Mas ainda tivemos o já antológico episódio “If Memory Serves” em que revisitamos o planeta Talos IV, mundo do piloto original “The Cage” de 1964 (piloto original recusado que depois Gene Rodenberry reaproveitou no episódio de duas partes “The Menagerie”) num ótimo trabalho de atualização do mundo alienígena e se permitindo uma introdução com o material original que poderia ter sido um desastre caso não tivessem usado da edição esperta que utilizaram, num ótimo fanservice, pavimentando o caminho para a série clássica.

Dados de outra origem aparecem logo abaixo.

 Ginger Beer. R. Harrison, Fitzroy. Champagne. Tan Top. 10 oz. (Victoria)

Aliás toda a reimaginação do universo clássico mostra a competência do desenho de produção de Tamara Deverell, que joga para escanteio todo o esforço dos filmes de J.J.Abrams, que tinham grandes sacadas, mas na comparação perdem feio...

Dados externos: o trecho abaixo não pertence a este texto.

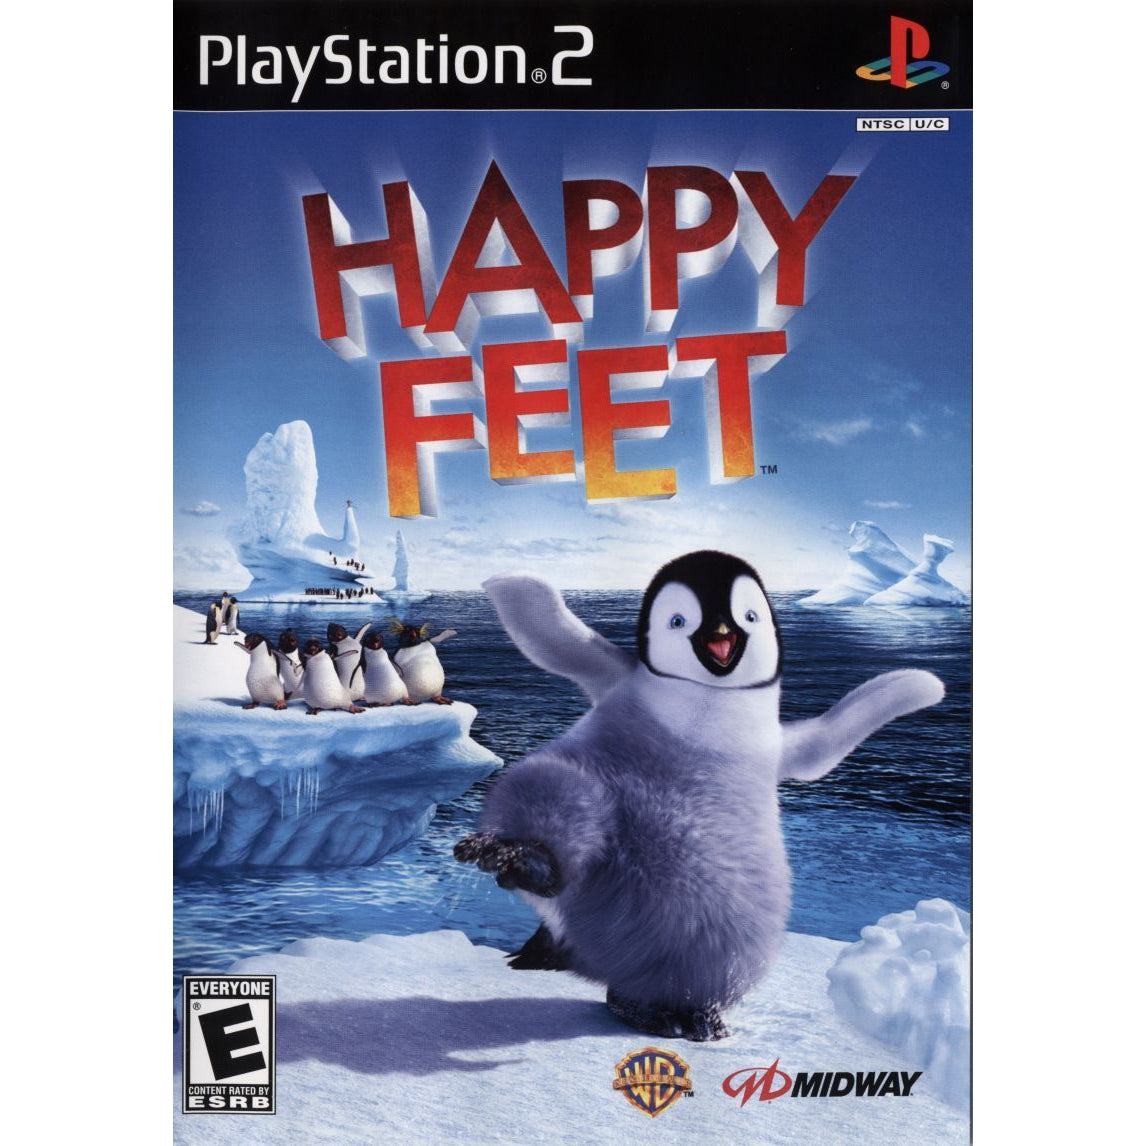 Happy Feet - PlayStation 2 (PS2) Game Complete - YourGamingShop.com - Buy, Sell, Trade Video Games Online. 120 Day Warranty. Satisfaction Guaranteed.

Ash Tyller/ V´oq e L´Rell (Mary Chieffo): Klingons voltam a parecer klingons.

Posteriormente algumas ideias foram colocadas apesar de um desenvolvimento questionável, como no episódio “Project Daedalus”, decorrente de falta de conceituação de alguns roteiristas com relação a conceitos como upload e download (e principalmente as suas diferenças...) levando a absurdos como uma Inteligência Artificial querer baixar atualizações que lhe trarão a consciência, mas como se pode “querer” sem ter “consciência”??? Graças ao “Grande Pássaro da Galáxia” Jonathan Frakes estava na direção, salvando a missão de naufragar... 
 
Paul Stamets (Anthony Rapp), tira "um parasita" de Tilly, sob o olhar de Saru
 
A "Número Um" (Rebecca Romjin) e Pike: Personagens de "The Cage" repaginados e mostrando o seu valor
 
Aos poucos foi-se “arrumando a casa”, entre um deslize ou outro, surgindo momentos únicos, restaurando o cânon ao final e a sua batalha final apoteótica, pois ironicamente a mesma Discovery que com sua presença subvertia todo o universo Treker (tal qual um “elefante na sala” como diziam os mais puristas...) revitalizou-o para uma nova geração e agora, ao sair rumo a novos destinos que a terceira temporada haverá de se descortinar, e em novas séries derivadas já programadas, como duas animações (uma para o público infantojuvenil pela Nickelodeon e outra voltada para um público mais adulto) e as séries focadas na Seção 31 e outra centrada em Jean-Luc Picard (Patrick Stewart) fora a possibilidade de um série mostrando a Enterprise antes da Série clássica sob o comando de Pike, que provou ser um sólido pilar na mitologia Treker... afinal, não podem ter investido o dinheiro que gastaram na construção dos cenários e figurinos da NCC-1701 apenas para dois episódios... 
 
E eis os D-7 de volta!!!
 
Vamos assinar o abaixo assinado para a CBS pedindo mais Pike galera!!! 
 
A Enterprise antes de um certo James Tiberius sentar na cadeira...
 
Star Trek: Discovery na sua segunda temporada conseguiu o mérito de novamente trazer para o centro das atenções um rico universo ficcional que ao tentar se firmar no cinema, foi ficando gradativamente engessado a um nicho, tornando-se assim não relevante, uma “Coisa de Velho”. Esperemos que agora que a franquia reconquistou o seu veículo ideal (a TV e agora o streaming) os “donos” da franquia não explorem em demasia causando uma superexposição como foi nos anos 1990-2000, dando intervalos regulares entre uma produção e outra para evitar a sua saturação. Que a ganância seja dosada... Houveram sim coisas destoantes, mas foi justamente por causa do hiato em que a franquia foi se confinando num gueto, e perdeu audiência, surgindo toda uma geração que desconhecia e não se identificava com Star Trek, mantendo a sua coerência é verdade mas precisando que novamente se fizesse o trabalho de se ensinar ao grande público, entre erros e acertos, o que é a nossa Jornada nas Estrelas.